Prasad Shembekar's solution doesn't work.

How does it work?

The filter takes advantage of the fact that, for float and int, the only value that will return False when passed to bool is 0 - so all other values will be True. This gives us our nonzero values, which we then sort (with sorted) and convert to an iterable (with iter) so that we can use next on it.

The list comprehension utilises a short-circuit - if i is 0, the and short-circuits, returning the last evaluated value (0). This has the effect of placing the zeroes in their original positions. The next fills in the spaces which weren't zeroes with the sorted values, which we generated earlier.

Upvotes: 0

Prasad Shembekar
Prasad Shembekar

Reputation: 19

this solution might help you

my_list = [3, 0, 1, 0, 5, 2, 0, 4]

# Sort the list, excluding zeros
sorted_list = sorted(my_list, key=lambda x: (x == 0, x))

print(sorted_list)

Upvotes: 0

Nikos M.
Nikos M.

Reputation: 8345

def except_zero(items: list) -> Iterable: 
    ans=[]
    ind=[]
    for i in range(len(items)): 
        if (items[i] != 0): 
            ans.append(items[i]) 
            ind.append(i)

    ans = list(sorted(ans))
    for i in range(len(ind)): 
            items[ind[i]] = ans[i] 
    return items

Something like the above would work, you simply store the index positions of non-zero values and then placve the sorted values into the corresponding index positions

Even your own approach can work if you fix a couple of issues, for example:

def except_zero(items: list) -> Iterable: 
    # get and sort non zero values
    non_zero = list(sorted([x for x in items if x!=0]))
    j = 0 
    # place them in correct position
    for i in range(len(items)): 
        if (items[i] != 0): 
            items[i] = non_zero[j]  # get next sorted non_zero value for this position
            j += 1 # update index

    return items

Upvotes: 1

FAL
FAL

Reputation: 163

You should first save the index position of zero values:

zero_positions = [i for i, this in enum(mylist) if this == 0]

then you could sort the list without the zero values:

ordered = [this for this in mylist if this != 0].sorted()

and finally you could insert zeros in the correct positions:

for i in zero_positions:
    ordered.insert(i, 0)

That's all.
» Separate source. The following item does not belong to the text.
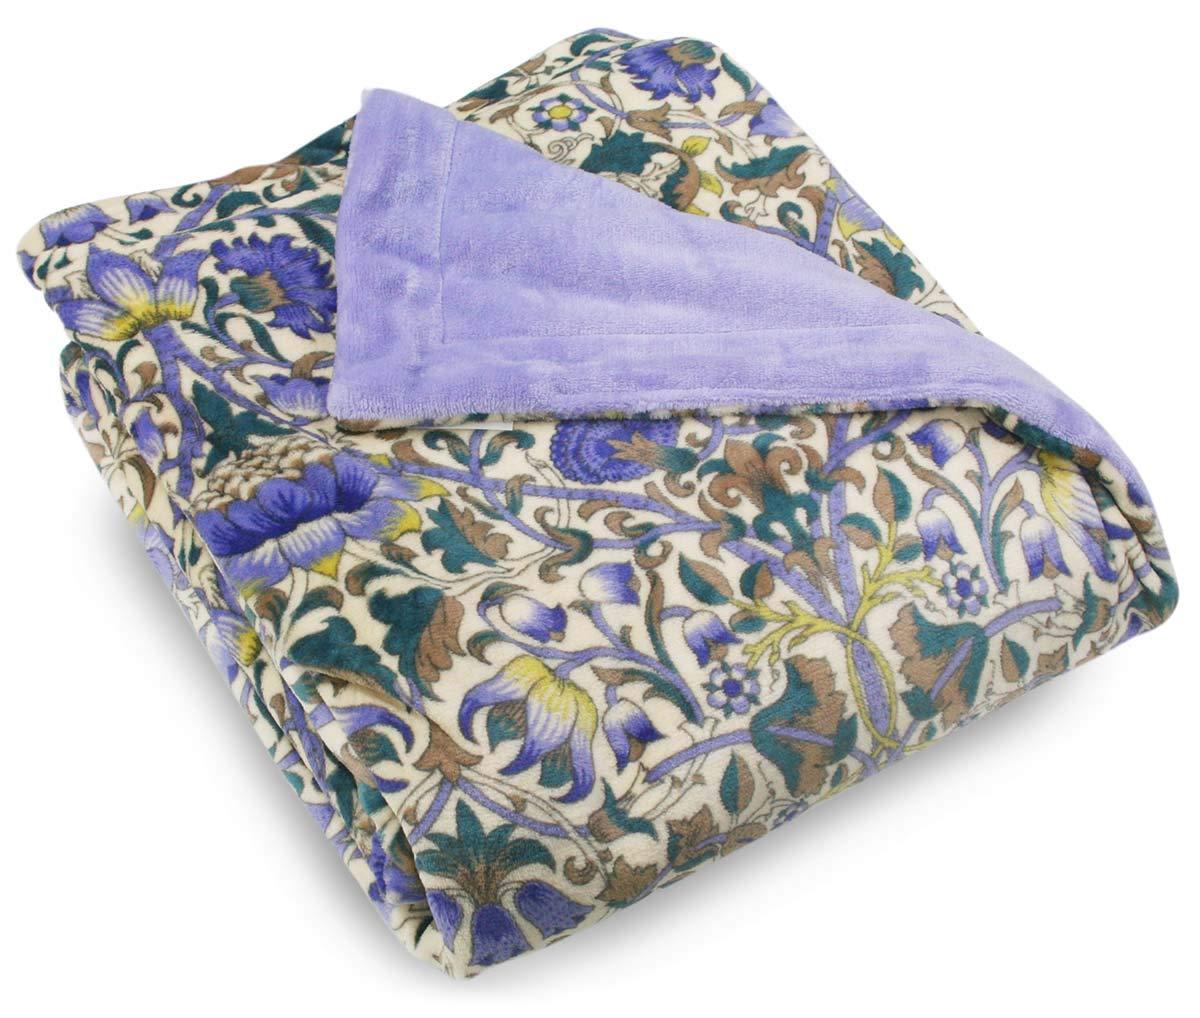 ロマンス小杉(Romance Kosugi) 毛布 〔V&A〕マイヤー合わせ毛布(ブルー) 140×200cm 1-2832-8500-8700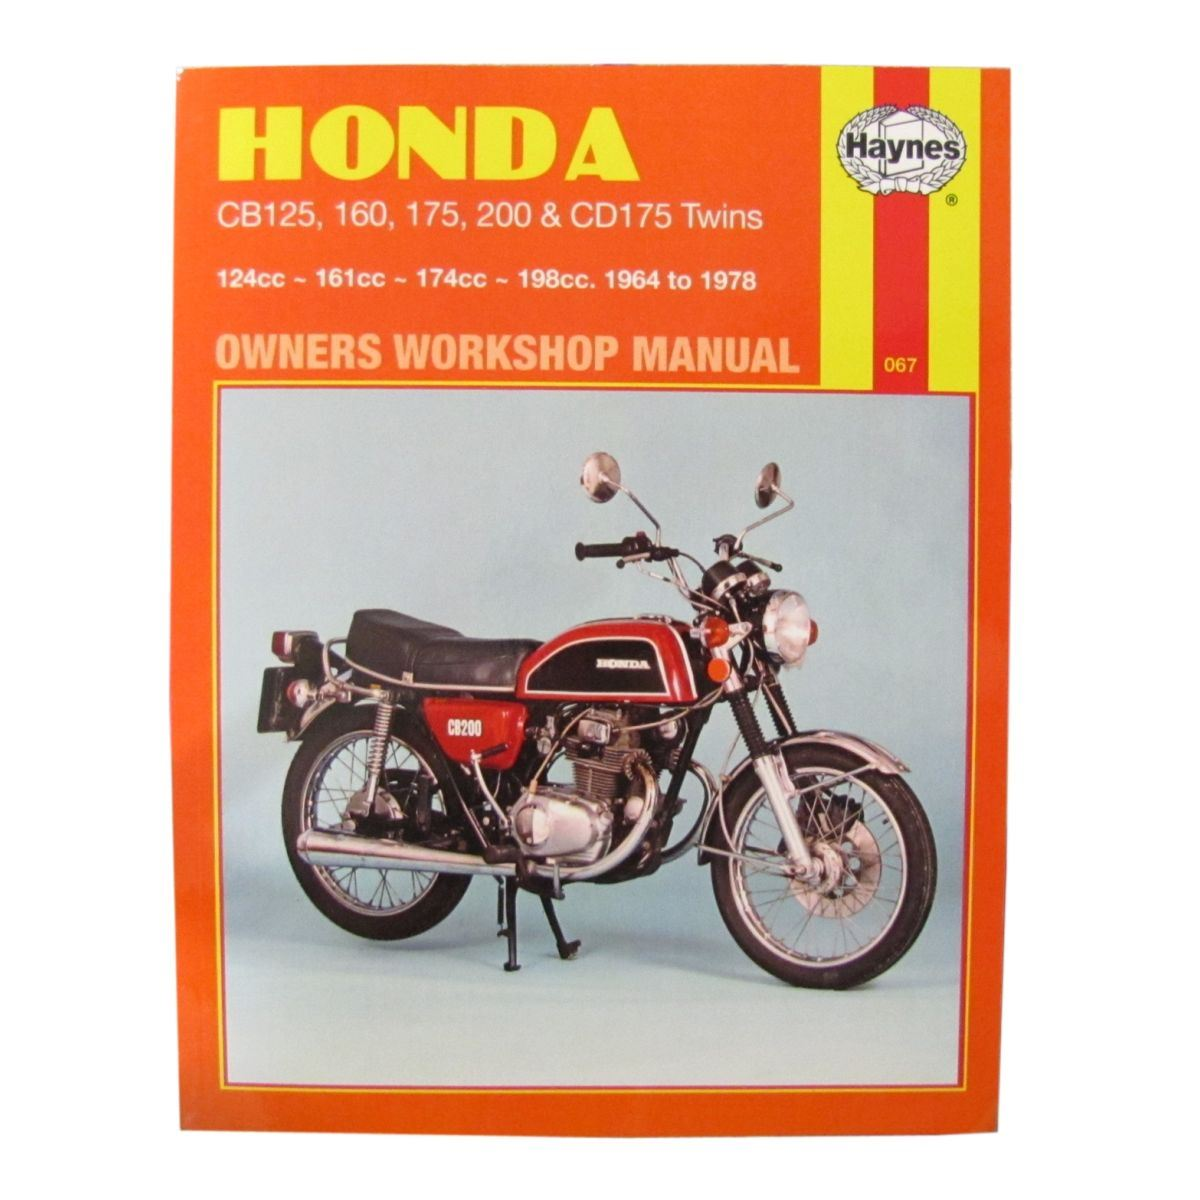 Owner & Operator Manuals Twin Manual Haynes for 1978 Honda CD 175 ...

Maybe there is a faster way, this is the first that came to my mind.

Hope that helps Francesco

Upvotes: 1

blhsing
blhsing

Reputation: 106658

A more efficient approach that solves the problem in O(n) time complexity is to store the indices of zeroes in a set, sort the rest of the items, and then iterate an index over the length of the input list to output zeroes if the index is in the set, or the next item in the sorted list if not:

def except_zero(items):
    zeroes = {i for i, v in enumerate(items) if v == 0}
    others = iter(sorted(v for v in items if v != 0))
    return [0 if i in zeroes else next(others) for i in range(len(items))]

so that:

except_zero([5,3,0,0,4,1,4,0,7])

returns:

[1, 3, 0, 0, 4, 4, 5, 0, 7]

Upvotes: 2

Onilol
Onilol

Reputation: 1339

You can try this:

def sort_and_extract_non_zero_items(items: list) -> Iterable:
  return sorted([n for n in l if n != 0])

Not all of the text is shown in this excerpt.